- Born: February 22, 1966 (age 60)
- Origin: Los Angeles, California, U.S.
- Genres: R&B
- Years active: 1988–1991
- Label: Capitol Records

= Suave (singer) =

American singer

Waymond Anderson, better known by his stage name Suave, stylized as Suavé (born February 22, 1966), is a former American R&B singer, who hit the American top 40 charts with a cover of The Temptations' "My Girl" in 1988.

==Discovery and success==
Anderson was discovered at a New Edition concert in California in the mid-1980s, when one of the members invited him to sing on stage with them. After his initial nervousness on stage, he decided this was the career route he wanted to take. A few years later, in 1988, Suave released his first single, "My Girl," as well as an album, I'm Your Playmate. The single rose to #20 on the Billboard Hot 100 and #22 on the Radio & Records Pop Chart. Later in the year, he released a single called "Shake Your Body," which climbed to #22 on Billboard's Hot R&B/Hip-Hop Singles & Tracks.

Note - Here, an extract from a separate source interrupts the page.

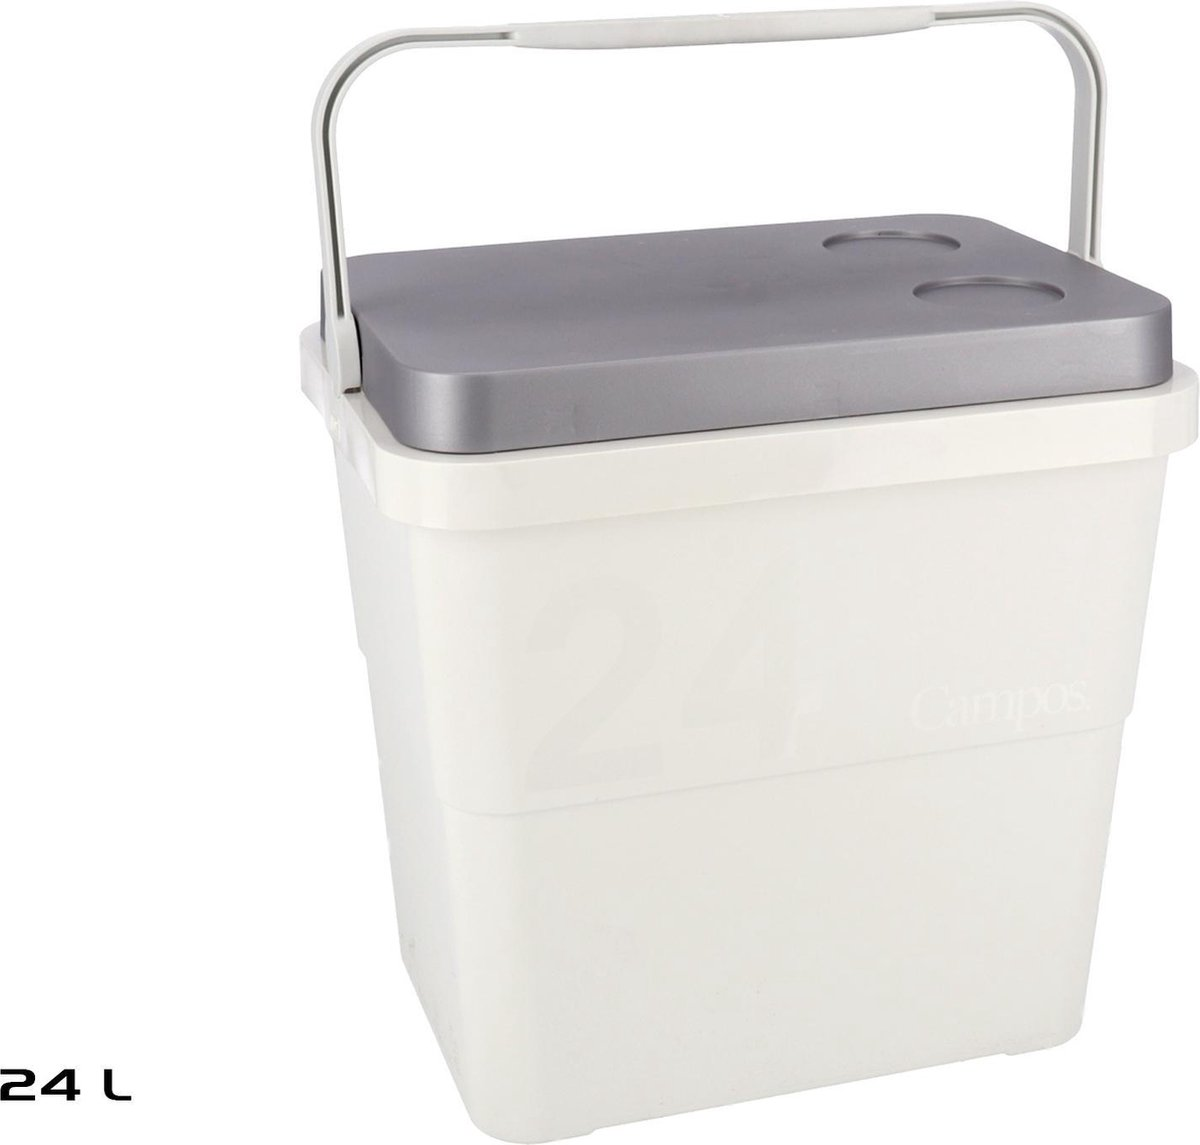 Koelbox - 39,5x29,5x108cm - 24L - Strandkoelbox - Grijs kopen

In 1991, Suavé released his sophomore album, To The Maxx which failed to chart and the only single “Rocked Your Boots” failed to chart as well, Capitol Records dropped Suavé from the label.

On September 18, 1993, a fire at a crack house near the University of Southern California killed one man. On January 29, 1994, Anderson was arrested at his Calabasas, California home, in front of his wife and son, and charged with fatal arson. Anderson's murder trial began in 1997. After four days of deliberation, Anderson was convicted of first-degree murder and sentenced to life without parole.

During his years in the music business he admitted to being a drug dealer as well as an adulterer. In 2007, Anderson perjured himself in court by recanting an implication of police officer involvement in the death of The Notorious B.I.G.. Anderson remains in prison.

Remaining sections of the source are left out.